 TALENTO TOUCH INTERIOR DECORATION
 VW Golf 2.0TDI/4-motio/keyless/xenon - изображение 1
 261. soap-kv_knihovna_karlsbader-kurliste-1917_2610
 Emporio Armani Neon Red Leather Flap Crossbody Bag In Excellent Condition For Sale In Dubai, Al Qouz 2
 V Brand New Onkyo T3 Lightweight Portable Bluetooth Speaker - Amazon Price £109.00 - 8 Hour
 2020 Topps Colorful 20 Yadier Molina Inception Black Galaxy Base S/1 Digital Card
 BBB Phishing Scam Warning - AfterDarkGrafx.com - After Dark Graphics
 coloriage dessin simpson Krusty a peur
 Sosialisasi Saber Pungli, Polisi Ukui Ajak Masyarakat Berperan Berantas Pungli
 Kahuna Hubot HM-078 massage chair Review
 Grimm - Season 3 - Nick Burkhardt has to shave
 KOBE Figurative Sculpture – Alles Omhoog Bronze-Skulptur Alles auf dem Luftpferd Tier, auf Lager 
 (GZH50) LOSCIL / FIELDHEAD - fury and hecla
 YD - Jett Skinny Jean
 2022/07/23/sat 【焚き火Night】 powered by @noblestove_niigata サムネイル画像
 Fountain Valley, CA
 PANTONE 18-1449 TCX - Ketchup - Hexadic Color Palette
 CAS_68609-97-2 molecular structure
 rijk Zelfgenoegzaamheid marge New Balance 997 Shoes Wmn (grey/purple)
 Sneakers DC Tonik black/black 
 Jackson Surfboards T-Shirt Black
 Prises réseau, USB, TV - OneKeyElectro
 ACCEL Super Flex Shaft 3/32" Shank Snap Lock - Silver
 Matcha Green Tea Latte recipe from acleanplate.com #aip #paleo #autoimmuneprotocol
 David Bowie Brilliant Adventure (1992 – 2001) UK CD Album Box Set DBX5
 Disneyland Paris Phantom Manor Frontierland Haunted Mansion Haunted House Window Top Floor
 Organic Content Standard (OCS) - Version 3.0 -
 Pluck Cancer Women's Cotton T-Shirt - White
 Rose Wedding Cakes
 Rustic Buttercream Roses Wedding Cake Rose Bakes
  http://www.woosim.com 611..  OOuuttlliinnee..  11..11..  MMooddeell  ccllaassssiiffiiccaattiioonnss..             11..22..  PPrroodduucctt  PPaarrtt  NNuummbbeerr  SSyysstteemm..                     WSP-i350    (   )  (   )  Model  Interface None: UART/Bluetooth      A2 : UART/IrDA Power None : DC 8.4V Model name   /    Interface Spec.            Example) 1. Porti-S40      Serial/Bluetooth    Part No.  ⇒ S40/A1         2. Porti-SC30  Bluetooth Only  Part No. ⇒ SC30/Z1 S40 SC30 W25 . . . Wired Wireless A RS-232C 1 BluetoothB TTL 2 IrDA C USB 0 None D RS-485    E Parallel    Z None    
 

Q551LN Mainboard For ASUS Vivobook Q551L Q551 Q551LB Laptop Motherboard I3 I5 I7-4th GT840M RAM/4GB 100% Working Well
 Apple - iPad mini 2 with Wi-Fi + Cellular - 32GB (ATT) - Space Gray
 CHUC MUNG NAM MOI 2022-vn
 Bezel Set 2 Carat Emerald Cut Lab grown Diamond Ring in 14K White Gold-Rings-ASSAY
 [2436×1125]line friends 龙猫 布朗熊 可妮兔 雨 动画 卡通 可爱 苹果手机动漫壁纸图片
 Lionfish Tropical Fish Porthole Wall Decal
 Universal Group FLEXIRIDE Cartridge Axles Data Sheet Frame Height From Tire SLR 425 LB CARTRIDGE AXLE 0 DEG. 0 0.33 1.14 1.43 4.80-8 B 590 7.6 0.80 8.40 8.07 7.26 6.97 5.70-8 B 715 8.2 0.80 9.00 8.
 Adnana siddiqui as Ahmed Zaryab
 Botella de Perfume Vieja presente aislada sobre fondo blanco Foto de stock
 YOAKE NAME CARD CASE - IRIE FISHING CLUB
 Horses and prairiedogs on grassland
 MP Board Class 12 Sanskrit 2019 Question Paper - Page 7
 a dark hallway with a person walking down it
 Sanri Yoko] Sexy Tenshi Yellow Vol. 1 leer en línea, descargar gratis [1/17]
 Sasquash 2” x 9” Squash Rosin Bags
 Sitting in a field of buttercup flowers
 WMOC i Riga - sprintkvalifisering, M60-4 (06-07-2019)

■ ■ ■ ■ ■

**AIM OF THE EXERCISE**
Exactly as shown above, write out all the records.

**SOLUTION TO THIS PROBLEM**
 TALENTO TOUCH INTERIOR DECORATION
 VW Golf 2.0TDI/4-motio/keyless/xenon - изображение 1
 261. soap-kv_knihovna_karlsbader-kurliste-1917_2610
 Emporio Armani Neon Red Leather Flap Crossbody Bag In Excellent Condition For Sale In Dubai, Al Qouz 2
 V Brand New Onkyo T3 Lightweight Portable Bluetooth Speaker - Amazon Price £109.00 - 8 Hour
 2020 Topps Colorful 20 Yadier Molina Inception Black Galaxy Base S/1 Digital Card
 BBB Phishing Scam Warning - AfterDarkGrafx.com - After Dark Graphics
 coloriage dessin simpson Krusty a peur
 Sosialisasi Saber Pungli, Polisi Ukui Ajak Masyarakat Berperan Berantas Pungli
 Kahuna Hubot HM-078 massage chair Review
 Grimm - Season 3 - Nick Burkhardt has to shave
 KOBE Figurative Sculpture – Alles Omhoog Bronze-Skulptur Alles auf dem Luftpferd Tier, auf Lager 
 (GZH50) LOSCIL / FIELDHEAD - fury and hecla
 YD - Jett Skinny Jean
 2022/07/23/sat 【焚き火Night】 powered by @noblestove_niigata サムネイル画像
 Fountain Valley, CA
 PANTONE 18-1449 TCX - Ketchup - Hexadic Color Palette
 CAS_68609-97-2 molecular structure
 rijk Zelfgenoegzaamheid marge New Balance 997 Shoes Wmn (grey/purple)
 Sneakers DC Tonik black/black 
 Jackson Surfboards T-Shirt Black
 Prises réseau, USB, TV - OneKeyElectro
 ACCEL Super Flex Shaft 3/32" Shank Snap Lock - Silver
 Matcha Green Tea Latte recipe from acleanplate.com #aip #paleo #autoimmuneprotocol
 David Bowie Brilliant Adventure (1992 – 2001) UK CD Album Box Set DBX5
 Disneyland Paris Phantom Manor Frontierland Haunted Mansion Haunted House Window Top Floor
 Organic Content Standard (OCS) - Version 3.0 -
 Pluck Cancer Women's Cotton T-Shirt - White
 Rose Wedding Cakes
 Rustic Buttercream Roses Wedding Cake Rose Bakes
  http://www.woosim.com 611..  OOuuttlliinnee..  11..11..  MMooddeell  ccllaassssiiffiiccaattiioonnss..             11..22..  PPrroodduucctt  PPaarrtt  NNuummbbeerr  SSyysstteemm..                     WSP-i350    (   )  (   )  Model  Interface None: UART/Bluetooth      A2 : UART/IrDA Power None : DC 8.4V Model name   /    Interface Spec.            Example) 1. Porti-S40      Serial/Bluetooth    Part No.  ⇒ S40/A1         2. Porti-SC30  Bluetooth Only  Part No. ⇒ SC30/Z1 S40 SC30 W25 . . . Wired Wireless A RS-232C 1 BluetoothB TTL 2 IrDA C USB 0 None D RS-485    E Parallel    Z None    
 

Q551LN Mainboard For ASUS Vivobook Q551L Q551 Q551LB Laptop Motherboard I3 I5 I7-4th GT840M RAM/4GB 100% Working Well
 Apple - iPad mini 2 with Wi-Fi + Cellular - 32GB (ATT) - Space Gray
 CHUC MUNG NAM MOI 2022-vn
 Bezel Set 2 Carat Emerald Cut Lab grown Diamond Ring in 14K White Gold-Rings-ASSAY
 [2436×1125]line friends 龙猫 布朗熊 可妮兔 雨 动画 卡通 可爱 苹果手机动漫壁纸图片
 Lionfish Tropical Fish Porthole Wall Decal
 Universal Group FLEXIRIDE Cartridge Axles Data Sheet Frame Height From Tire SLR 425 LB CARTRIDGE AXLE 0 DEG. 0 0.33 1.14 1.43 4.80-8 B 590 7.6 0.80 8.40 8.07 7.26 6.97 5.70-8 B 715 8.2 0.80 9.00 8.
 Adnana siddiqui as Ahmed Zaryab
 Botella de Perfume Vieja presente aislada sobre fondo blanco Foto de stock
 YOAKE NAME CARD CASE - IRIE FISHING CLUB
 Horses and prairiedogs on grassland
 MP Board Class 12 Sanskrit 2019 Question Paper - Page 7
 a dark hallway with a person walking down it
 Sanri Yoko] Sexy Tenshi Yellow Vol. 1 leer en línea, descargar gratis [1/17]
 Sasquash 2” x 9” Squash Rosin Bags
 Sitting in a field of buttercup flowers
 WMOC i Riga - sprintkvalifisering, M60-4 (06-07-2019)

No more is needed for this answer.